Today’s silver lining was my cupboard.
Now this cupboard is something I’ve been trying to clear /sort /rearrange for months now. But the problem is, each time I get to it, I just end up settling down with one of the boxes of memories – the cupboard is full of them.
Resolving not to do that today, I started with an easier to tackle shelf. One shelf is full of books. Ha! Bad idea because books are just as addictive. Yet, I quickly emptied the shelf, then rearranged it back more compactly than before. Then I got to the next one, knowing fully well that I might or might not get past it.
I picked up a bulky folder with papers, letters, greeting cards and what nots. More what nots than anything else. Among these, I found a lot of unused postal stationery. I couldn’t stop grinning at the post card – see the image on top? Yes.That’s the one. I remembered those days when our sole means of communication was this post card – with a few lines for the whole world to see – which may or may not matter. But imagine the post man getting first dibs at it – and then the nosy neighbors. That’s exactly what happened.

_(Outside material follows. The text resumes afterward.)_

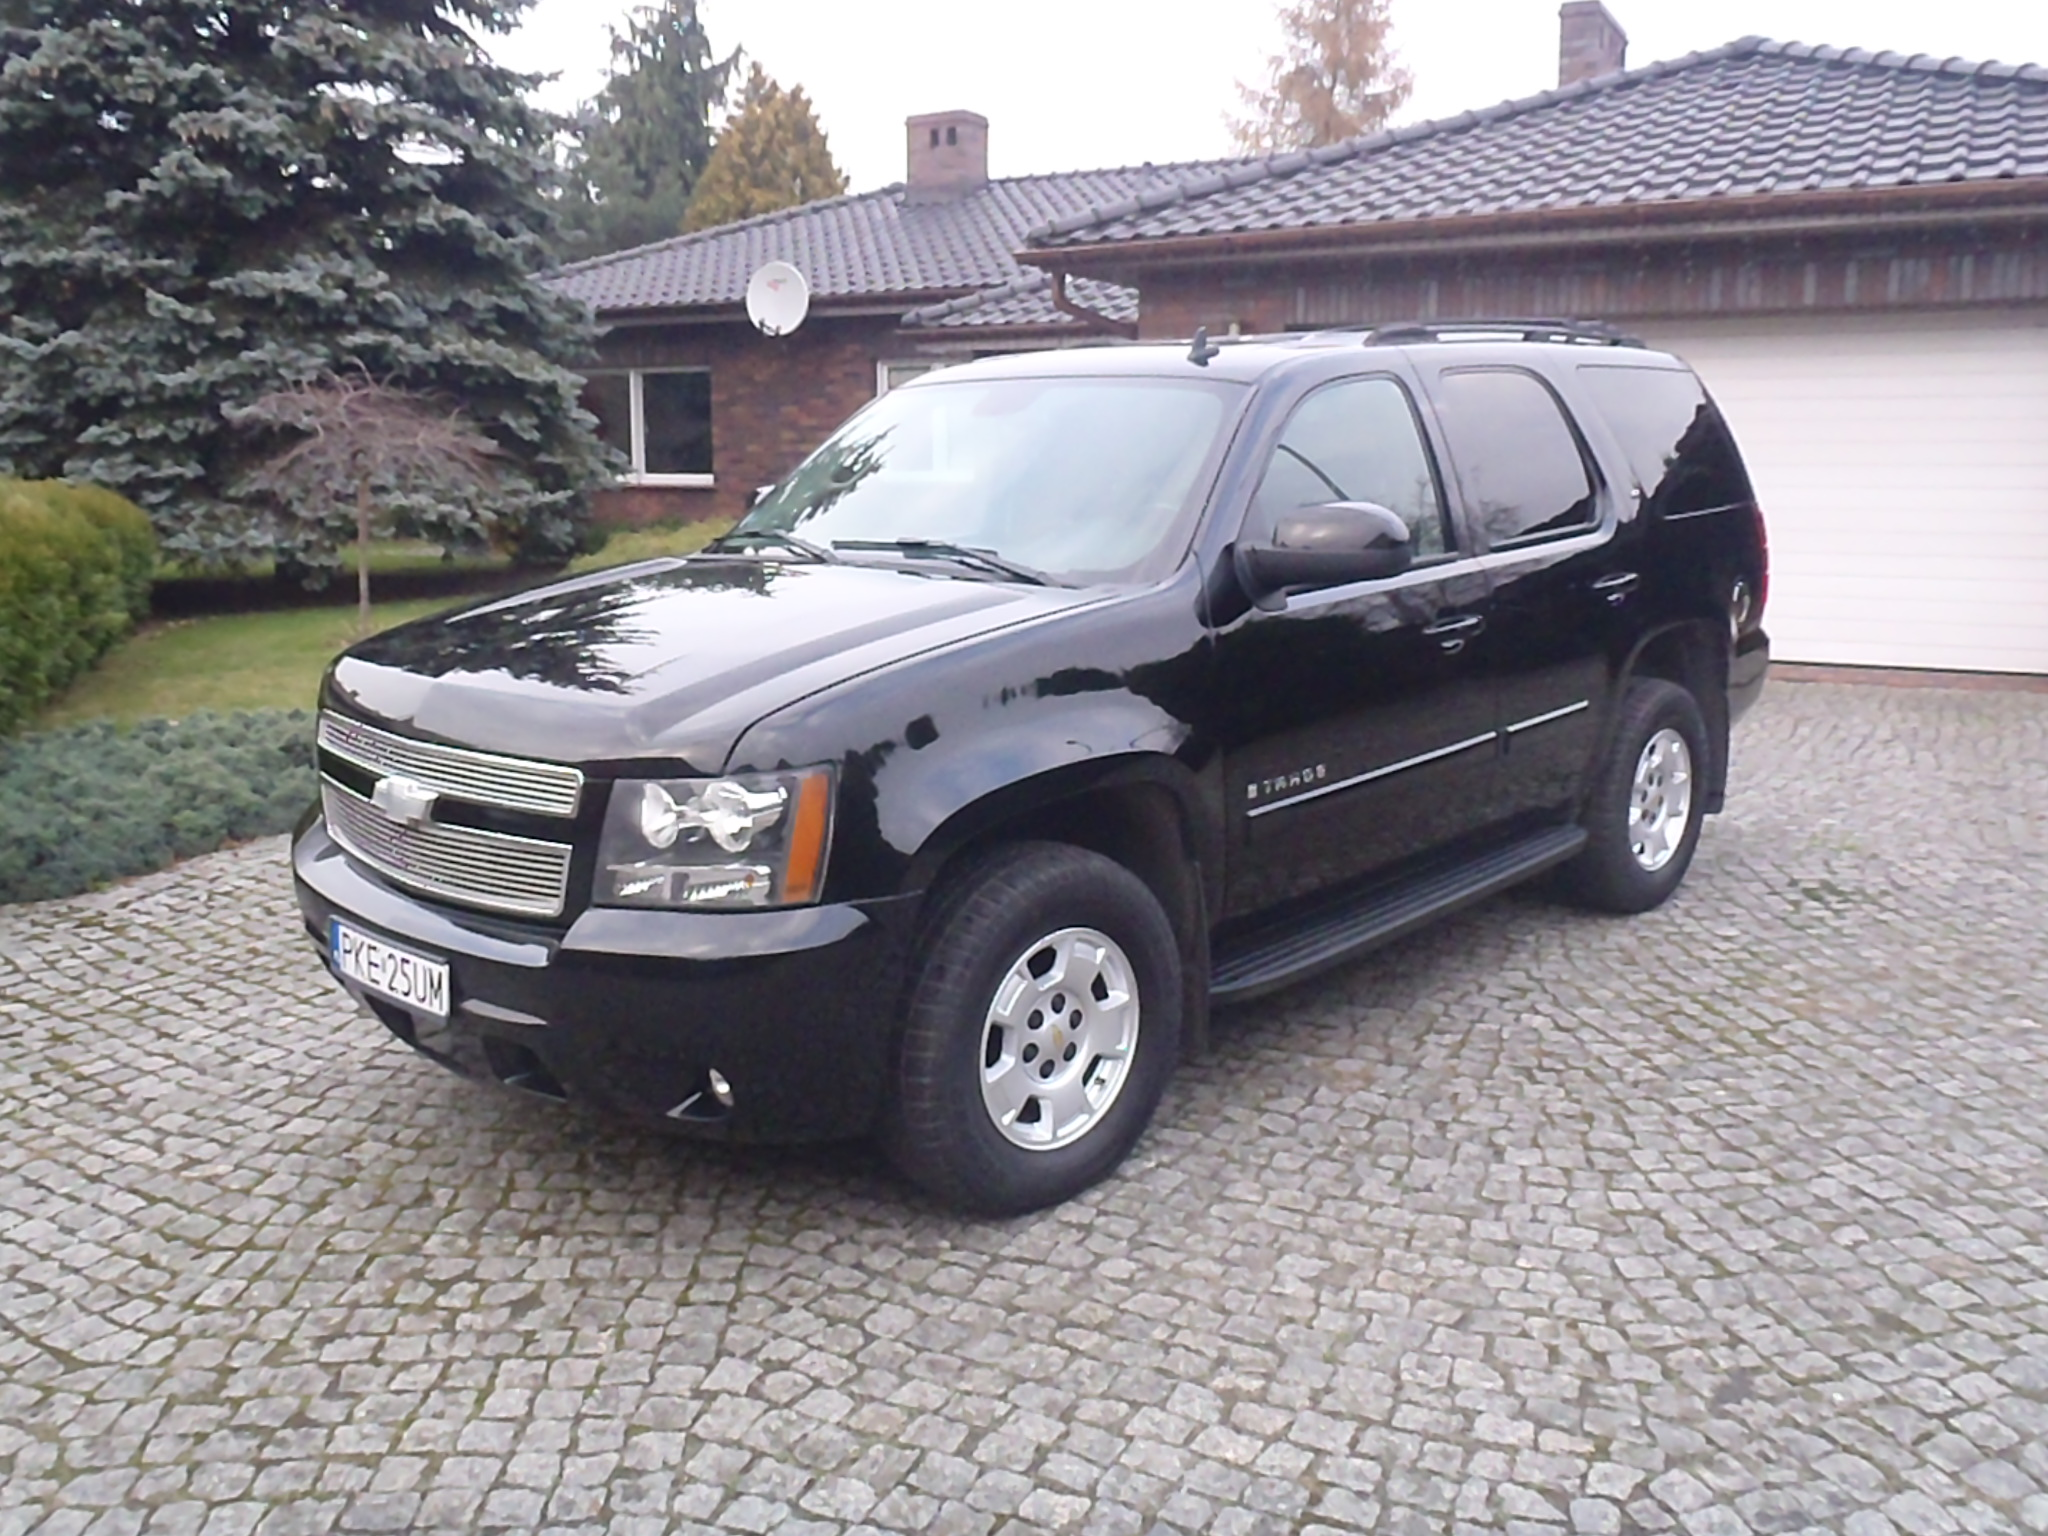 Chevrolet Tahoe Lt 2007 5 3 L V8 4x4 325km 7051586861 Oficjalne Archiwum Allegro

And? Imagine the rest of the family getting to read it before the intended recipient….and the interrogation and inquisition that followed – all because the sender just didn’t think of using an inland cover – that dingy blue blotty sheet of paper that folded and could be sealed to be sent off.
Of course, very clever family members were familiar with the art of steaming it open and fixing it right back, as good as new.
The postcards were often dreaded missiles. Relatives we did not really want to host would send them ahead of their arrival. We would wickedly think of denying receiving the card – which was quite stupid, since they would land up anyway, and all we got out of it was an unnecessary argument. No telephones at home those days, you see!
Sometimes, the card would arrive after the unwelcome guests had left, as if to rub it in and say, “ha, ha! Gotcha!”
These cards were usually used for announcements, invitations and quick messages. There were those who used every mm of it to squeeze in all they wanted to say and often spilled into the address area. If it was a wedding or celebration, we gave the corners that yellow hue from wet turmeric, just to show it was good news.
In spite of all this, we waited eagerly for the postman who sailed around on his bicycle with the bundle of assorted letters in his hand. A registered letter would usually mean an important document. An envelope would be met with much curiosity. A telegram was simply assumed to bear bad news. A money order? Yay!, of course!
Great memories, though.
Those were the days eh? I am glad I lived then…..and I am glad I am here now, in the digital age, when communication is instant with WhatsApp, email and text messages. Of course, I still rely on India Post to deliver my parcels and letters!